My maths autobiography

School maths

I have always loved maths, but the reasons why have changed dramatically over time.

This is my Year 1 work. It reminds me about what I thought it meant to be good at maths: lots of ticks on neat work, especially if it was done quickly.


This attitude was reinforced by my report cards in primary school. A typical one looks like this. Note the focus on speed and accuracy. I loved maths because I was good at it.


Our Year 2 classroom had a corner filled with self-directed puzzle-type problems. If students finished their work early, they could go to the puzzle corner. I recall spending a lot of time there (my report says I was put in an extension group). Looking back, I’m sad that not every student had the same opportunities to engage with these richer, stimulating problems.

Outside of school, I loved doing and making up puzzles. I looked for patterns everywhere. I was always thinking about different ways to count, to organise, and to get things done more quickly. Growing up on a rural property, I had a lot of chores and time to think. For example, I’d think about how many buckets of oranges I could pick in an hour, how long it would take us to fill an orange picking bin, the different ways I could climb the rungs of the ladder, and so on. But I didn’t connect these ideas to maths.

Most of my school maths memories involve doing exercise after exercise from the textbook, but that was fine by me because I could put a self-satisfied tick next to each neatly done problem (after checking the answer in the back of the book!). I remember one high-school maths project to work out the most efficient way to wrap a Kit Kat in foil. It stands out in my memory because it was so different to the rest of maths class.

There were gaps in my knowledge along the way that I tried to cover up. I missed a month of Year 4 due to illness, and a substantial chunk of that time was devoted to fractions. When I got to algebraic fractions in later years, I would furtively use my calculator on simple examples to see if I could work out the right ‘rule’. Now I congratulate myself on having the sense to work it out for myself by generalising from specific examples. In Year 12 I felt embarrassed for using straws and Blu Tack to make visualisations of 3D coordinate geometry; everyone else could do it in their heads. Now I’m proud that I found a tool to help me make sense of the maths.

In Year 12 I hit a big obstacle. All my grades went downhill, including in maths. My maths report card says that I was ‘prone to panic attacks when working against a time constraint’. I don’t remember that, although I do remember crying (which I almost never do) in my maths teacher’s office and thinking that I didn’t know anything. I realise now that much of my maths schooling was about memorisation but not about understanding, and that it had caught up with me by Year 12.
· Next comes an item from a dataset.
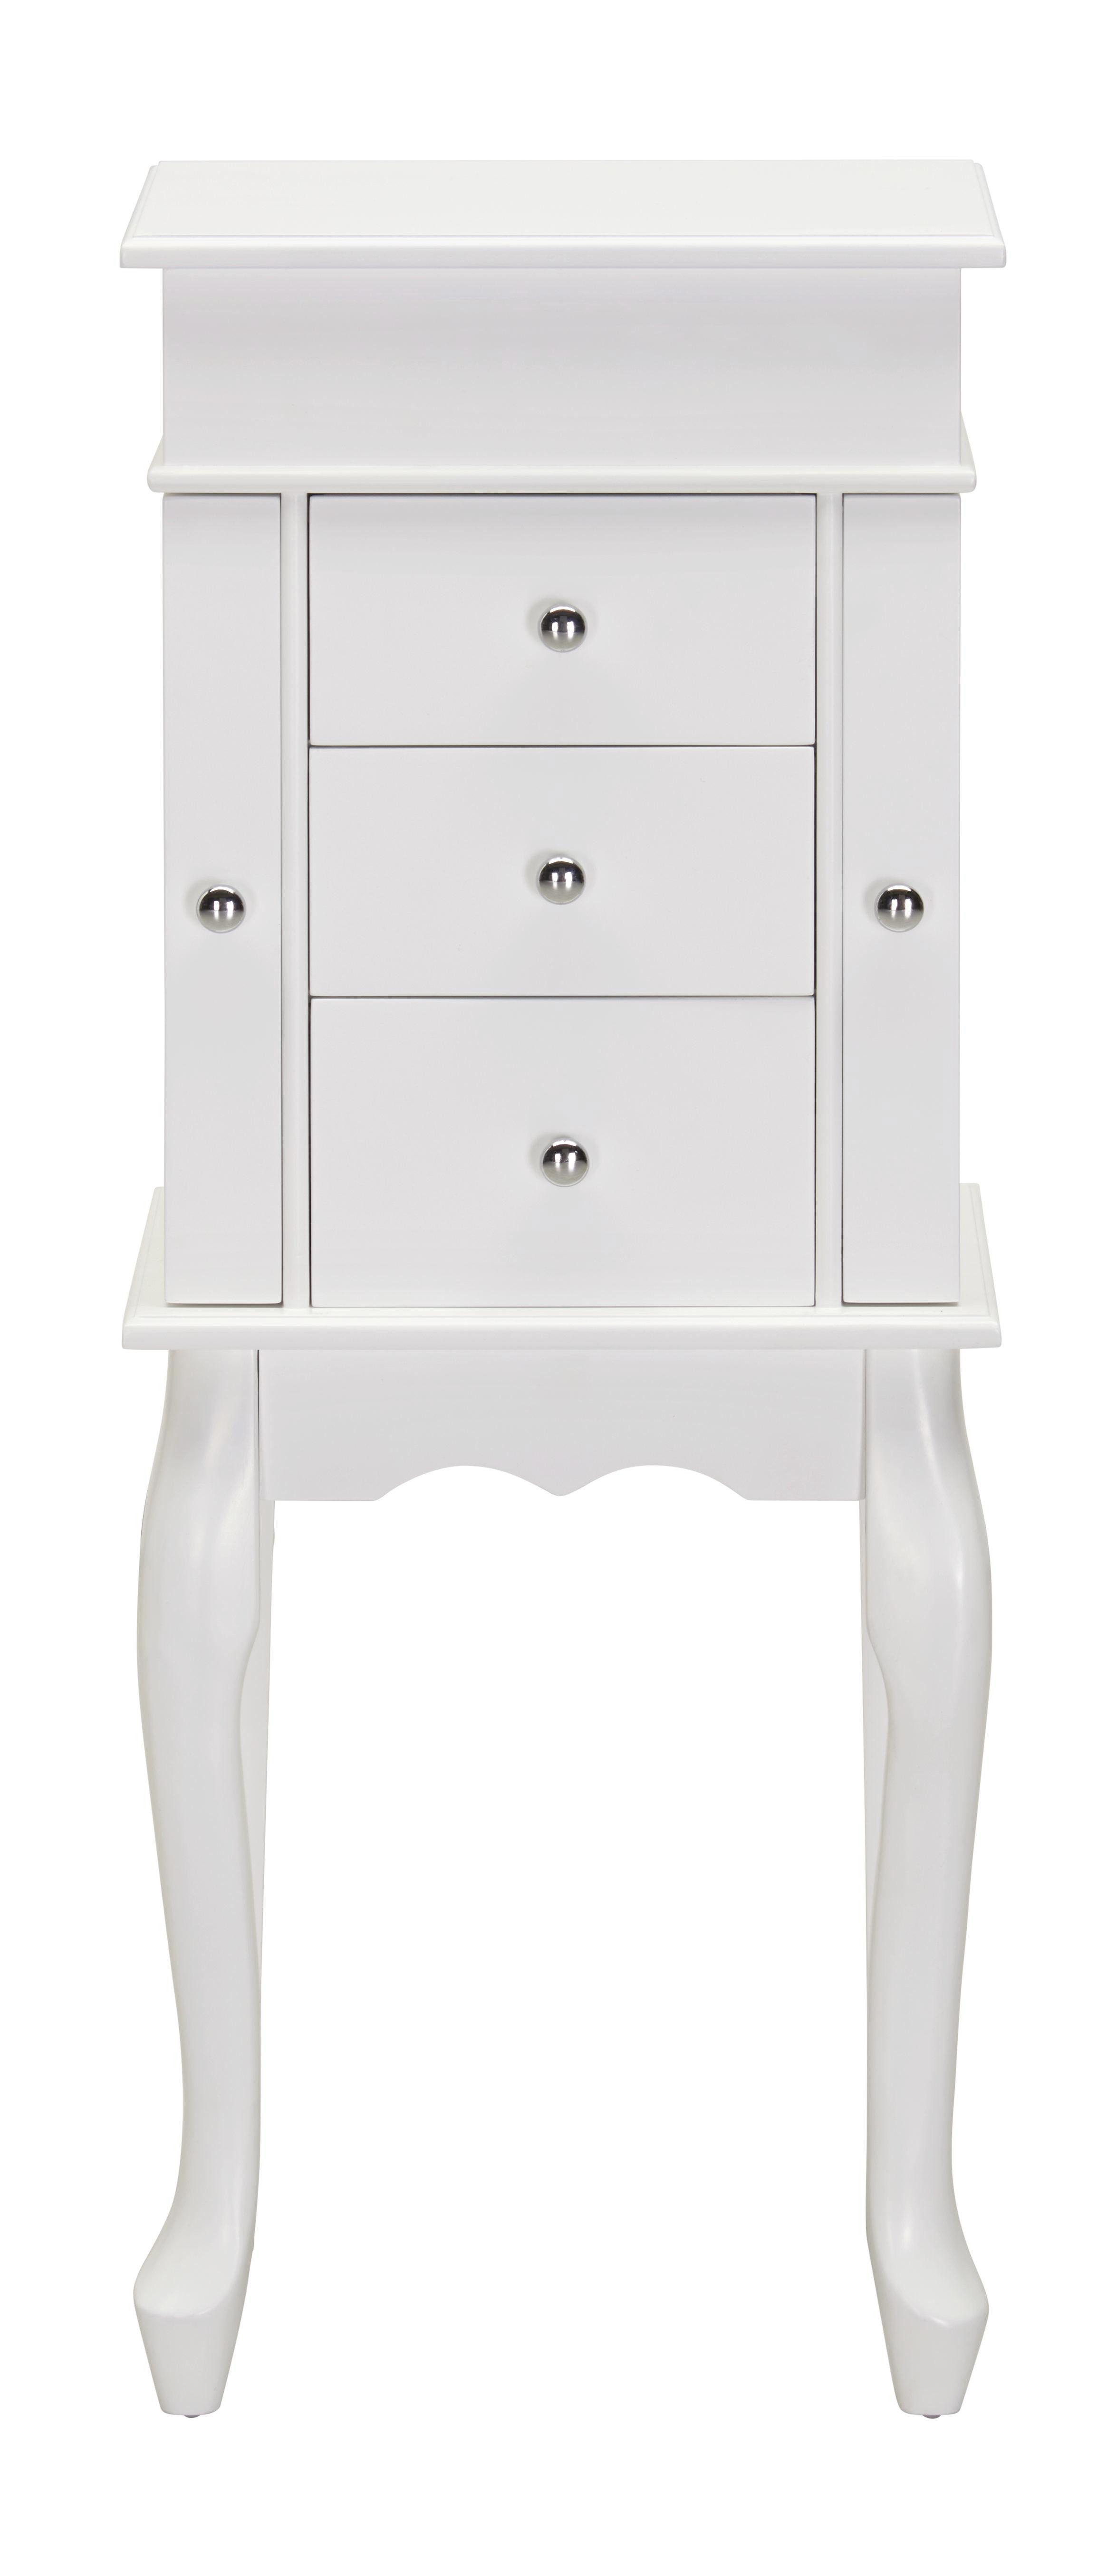 SMYCKESSKÅP - vit/kromfärg, Design, metall/glas (32/84,4/21cm) - Xora

Despite my mostly mediocre grades (I got a D in physics!), I did okay and was offered several university places. My love of the English language drew me to careers such as law, journalism and psychology. But I had also applied for and been offered a place in mathematics. Despite this, I chose to repeat Year 12. I took maths again because I still enjoyed it. The second time around it seemed to make a lot more sense; my scores were 19 and 19.5 for Maths 1 and 2. At the end of Year 13 I was awarded one of the first UniSA Hypatia Scholarships for Mathematically Talented Women. This boosted my confidence and made University study more affordable for a country kid. So, I decided to do mathematics. I also enrolled in a computer science major because I wasn’t sure what kind of job you could get with a maths degree.

University days

Most of my undergraduate mathematics experience was the same as high school. I got Distinctions or High Distinctions for all my subjects (except Statistics 3B where I scraped a pass). I did most of my thinking in my head and then committed it to paper. I produced beautiful notes, and would rewrite a page if had a single mistake on it. On reflection, I had a fairly superficial understanding of mathematics, but knew what to do to get good marks. I got disenchanted in the third year of my four-year degree and briefly considered quitting, but I had never quit something so important so I kept going.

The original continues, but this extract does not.